Provided data
········

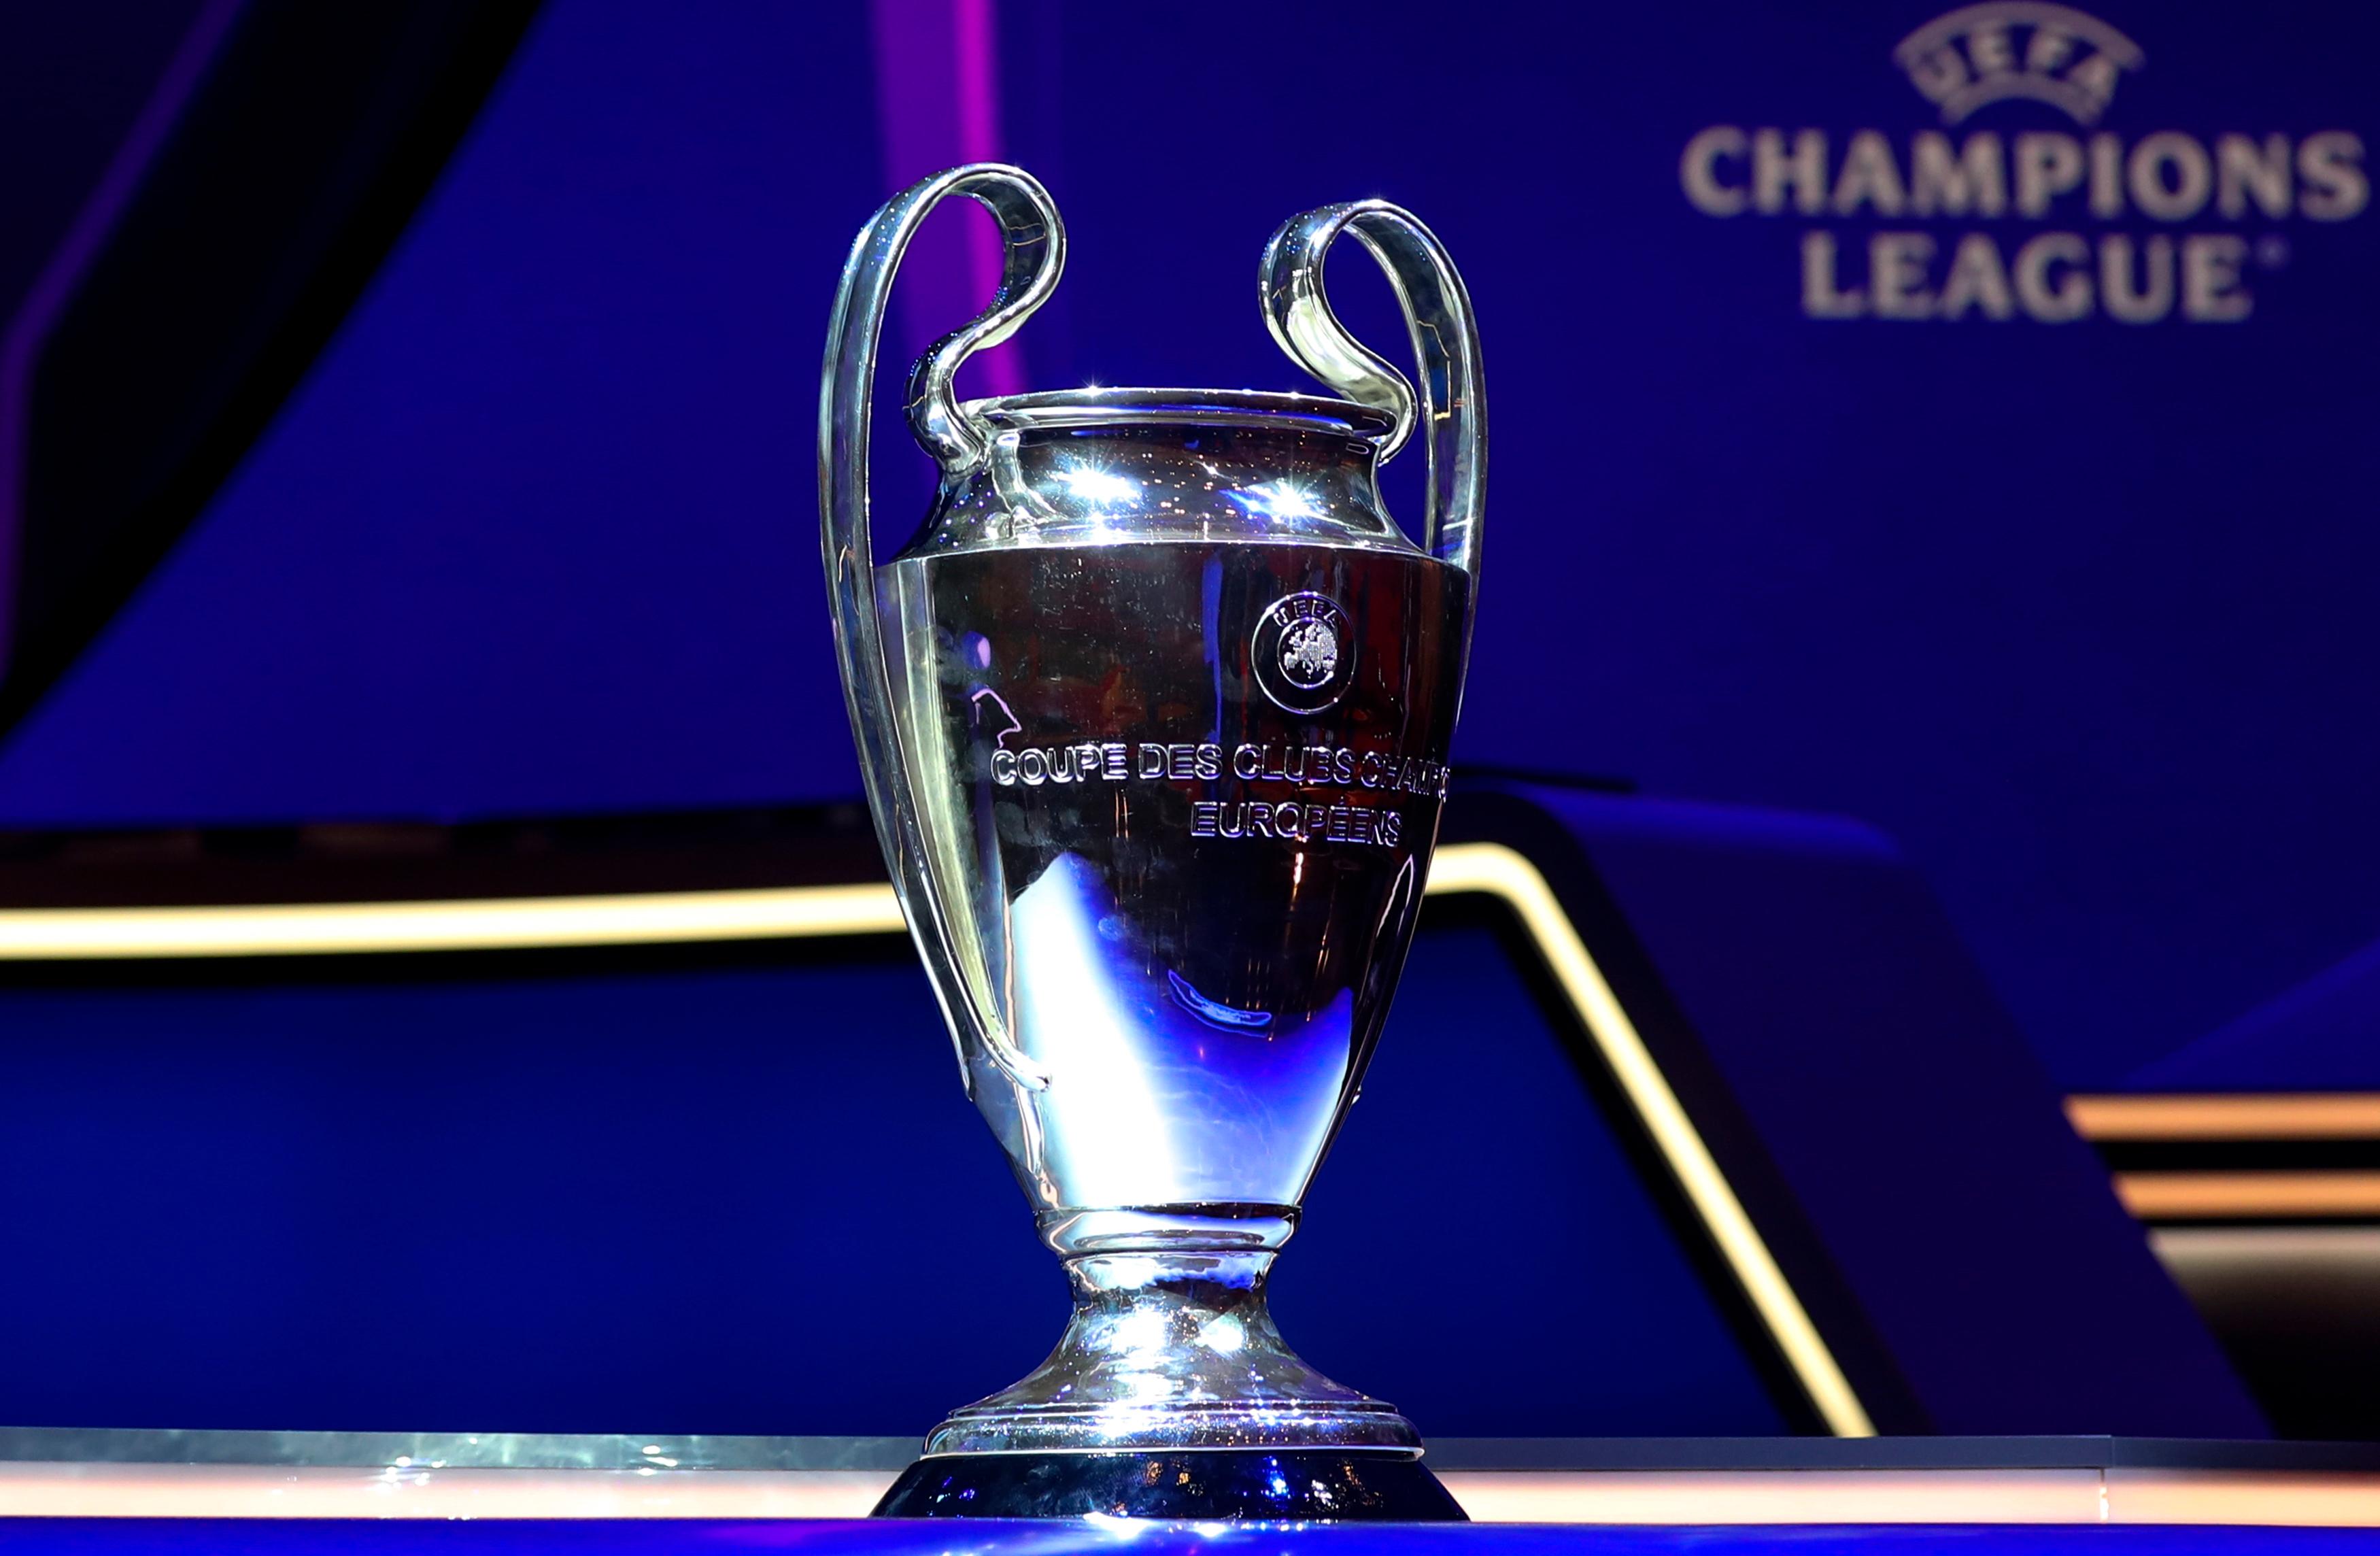 Onde assistir aos jogos da rodada da Champions League?
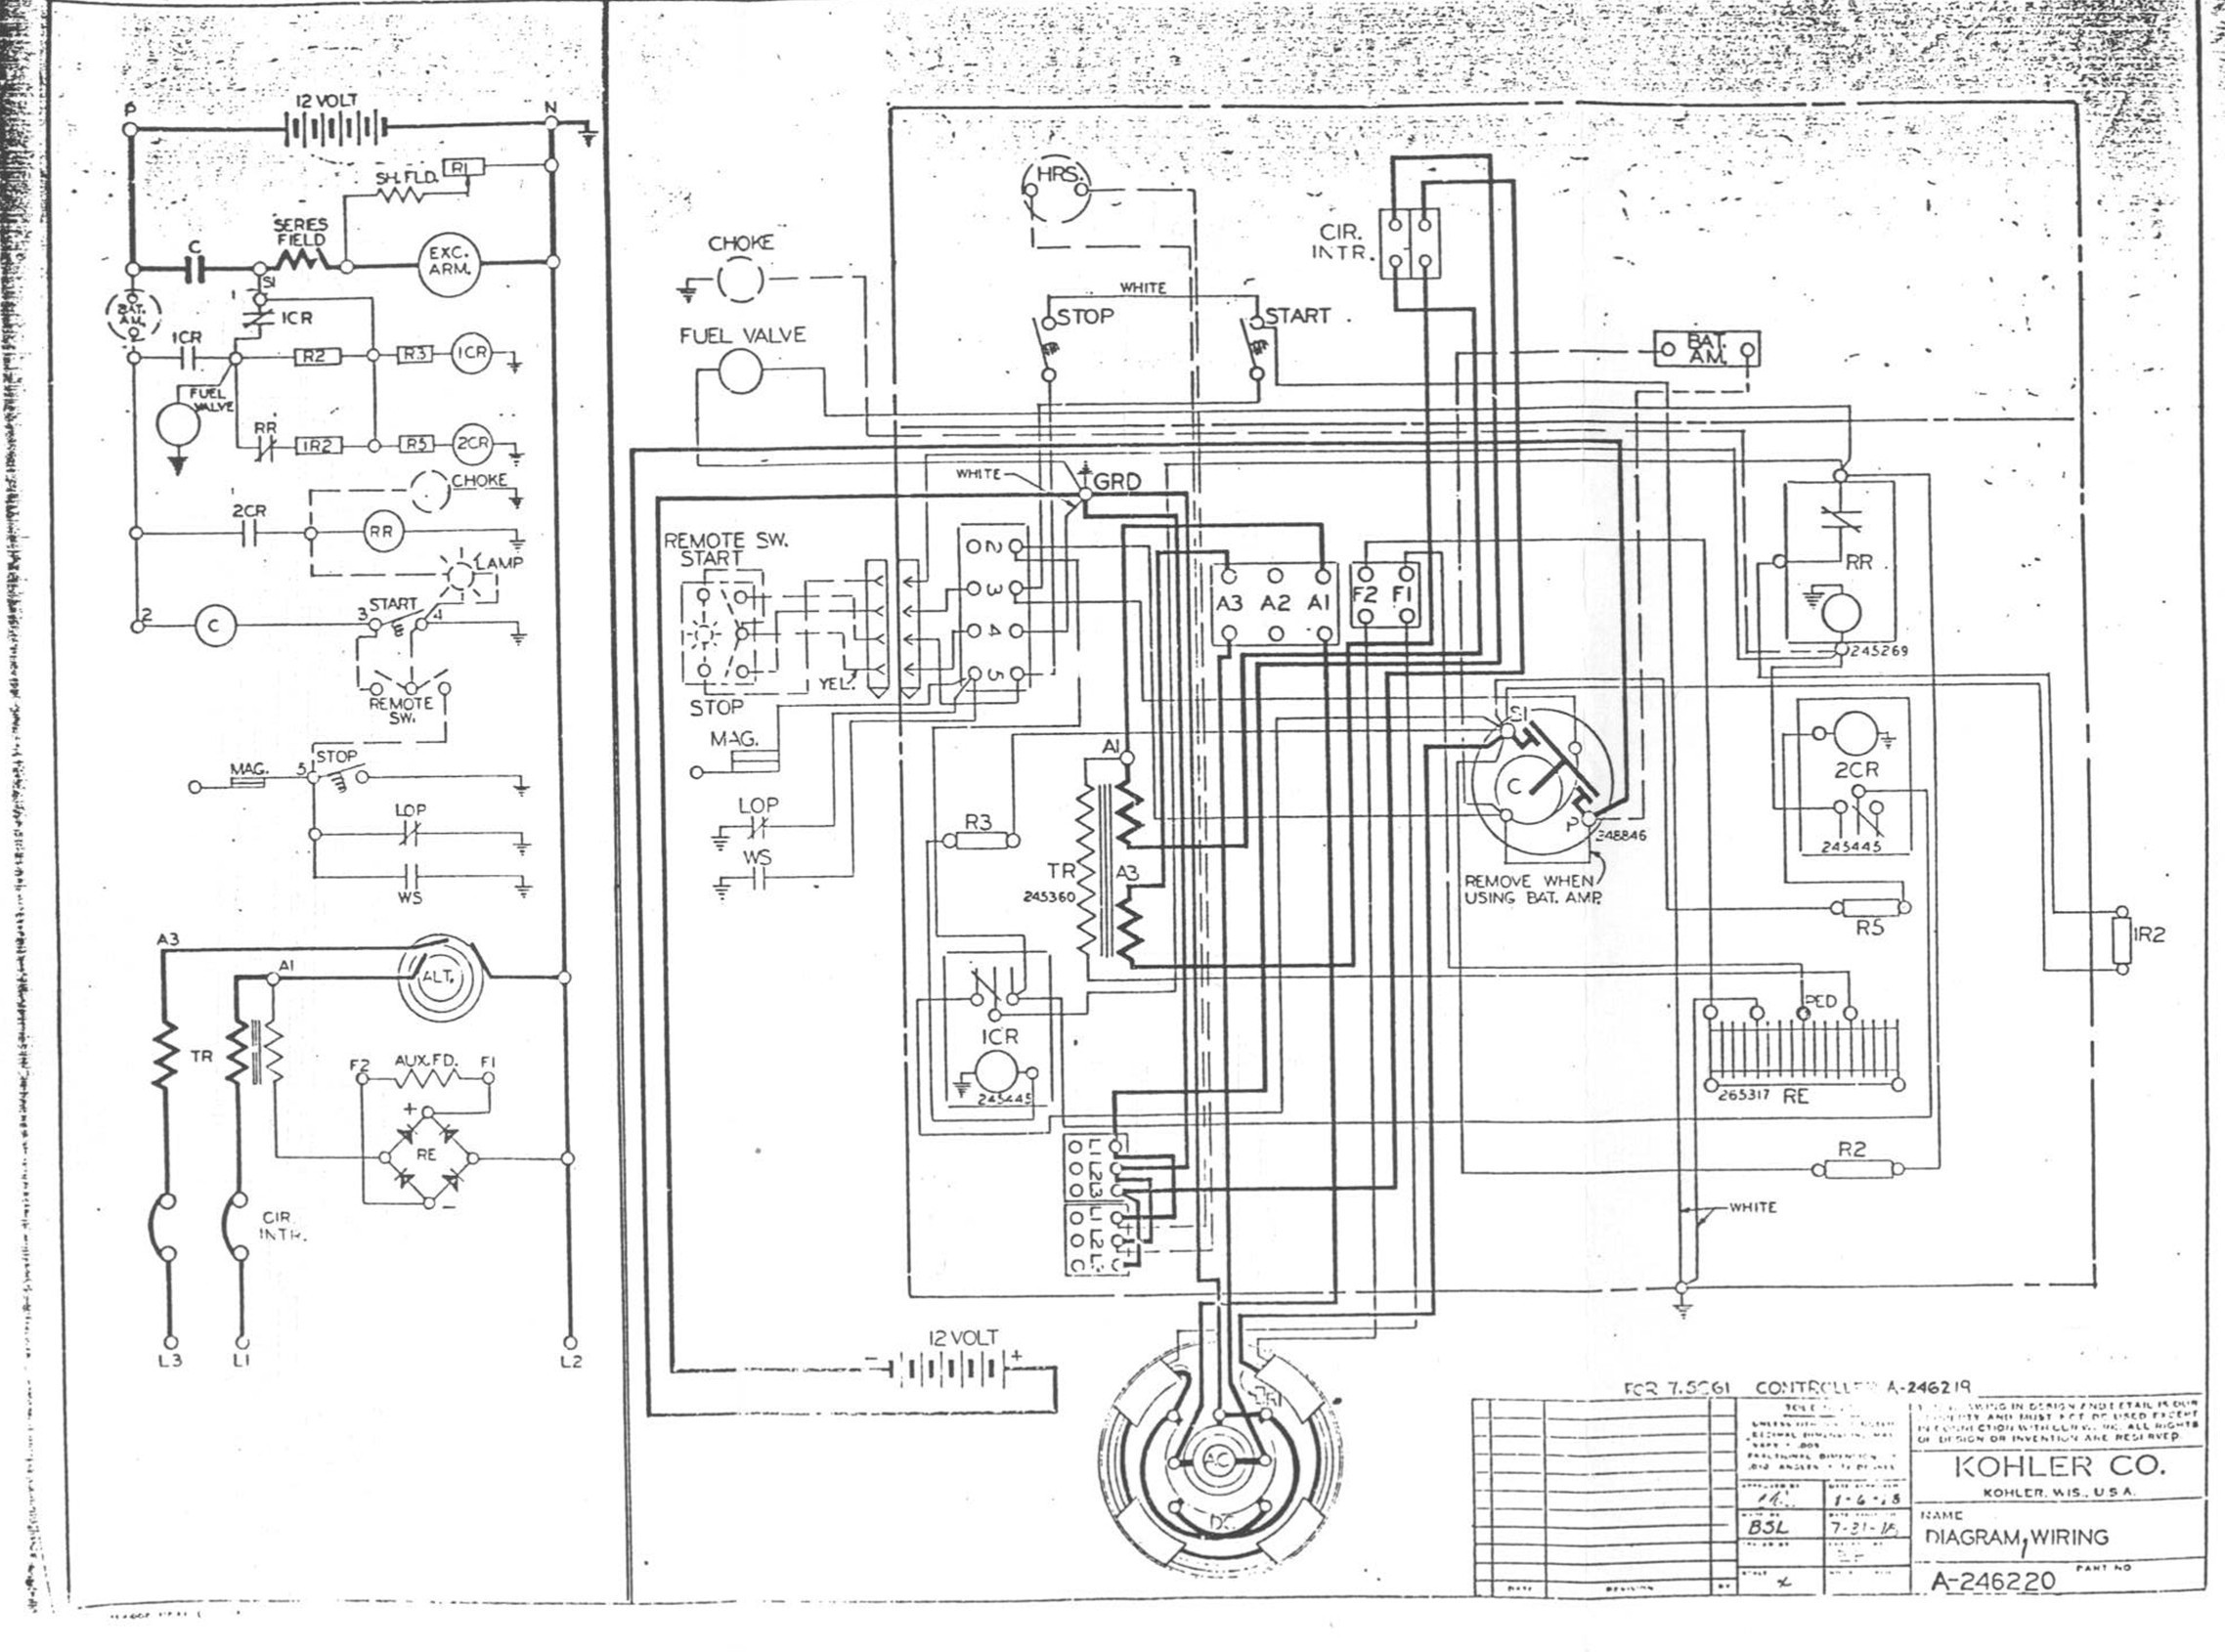 Kohler Generator Wiring Diagram Wiring Diagrams for Gibson Guitars Inspirational Wiring Diagram for Of Kohler Generator Wiring Diagram
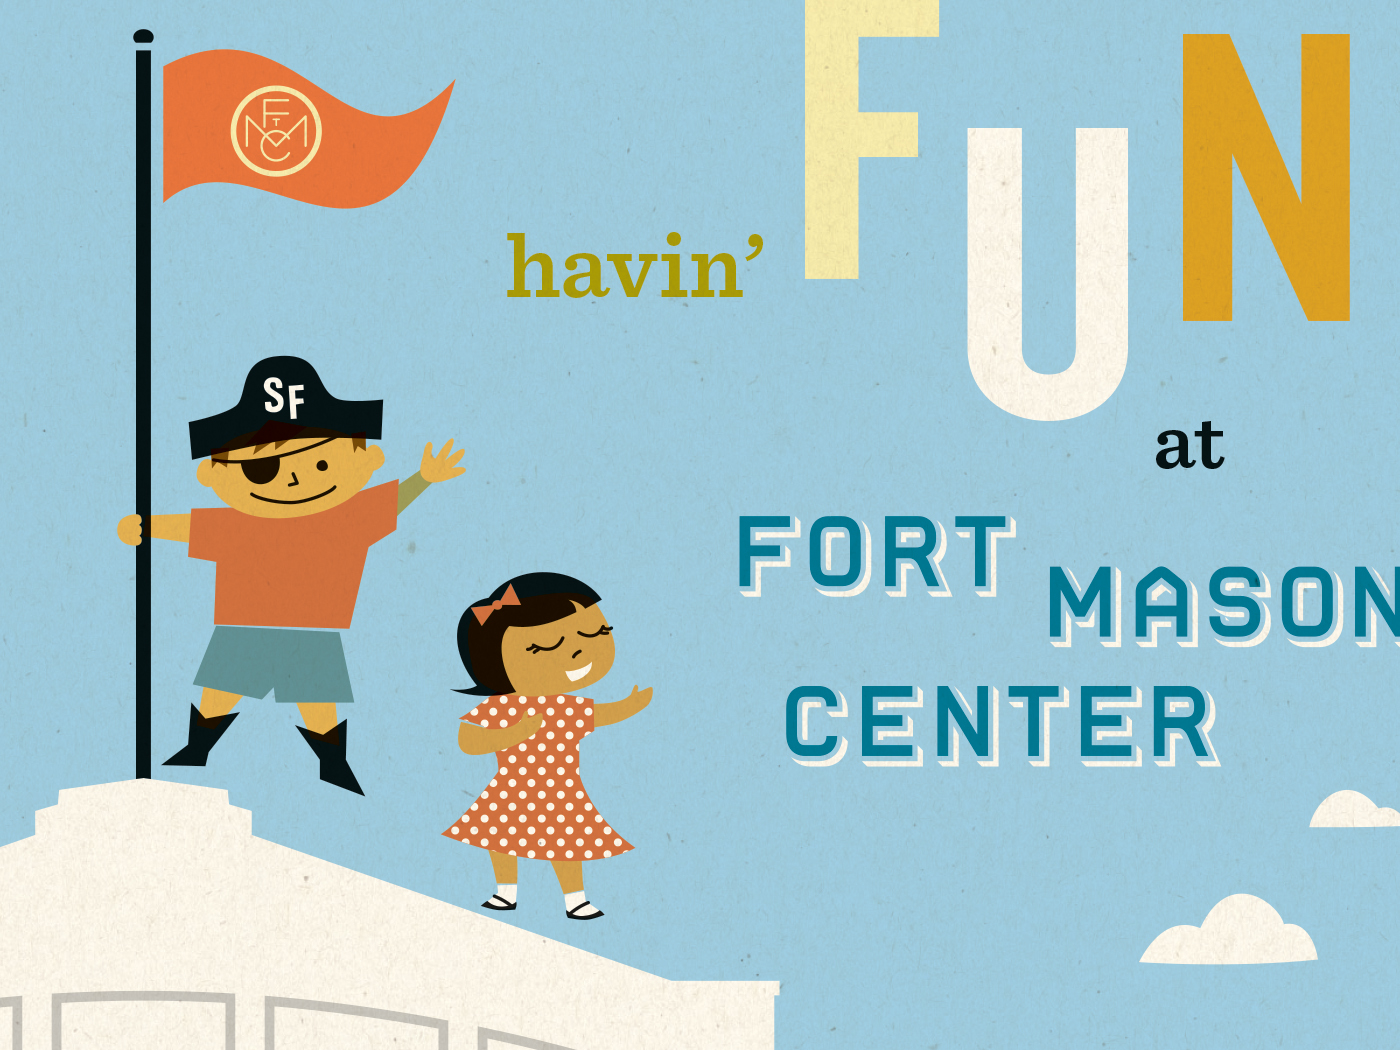 Fort Mason Center Havin' Fun brand boards

········

About this exercise
Could you transcribe exactly the lines running from the one with "Kohler Generator Wiring Diagram Wiring" to the final line of the material above, both included, with no pictures?

Result of this task
 Kohler Generator Wiring Diagram Wiring Diagrams for Gibson Guitars Inspirational Wiring Diagram for Of Kohler Generator Wiring Diagram
 Fort Mason Center Havin' Fun brand boards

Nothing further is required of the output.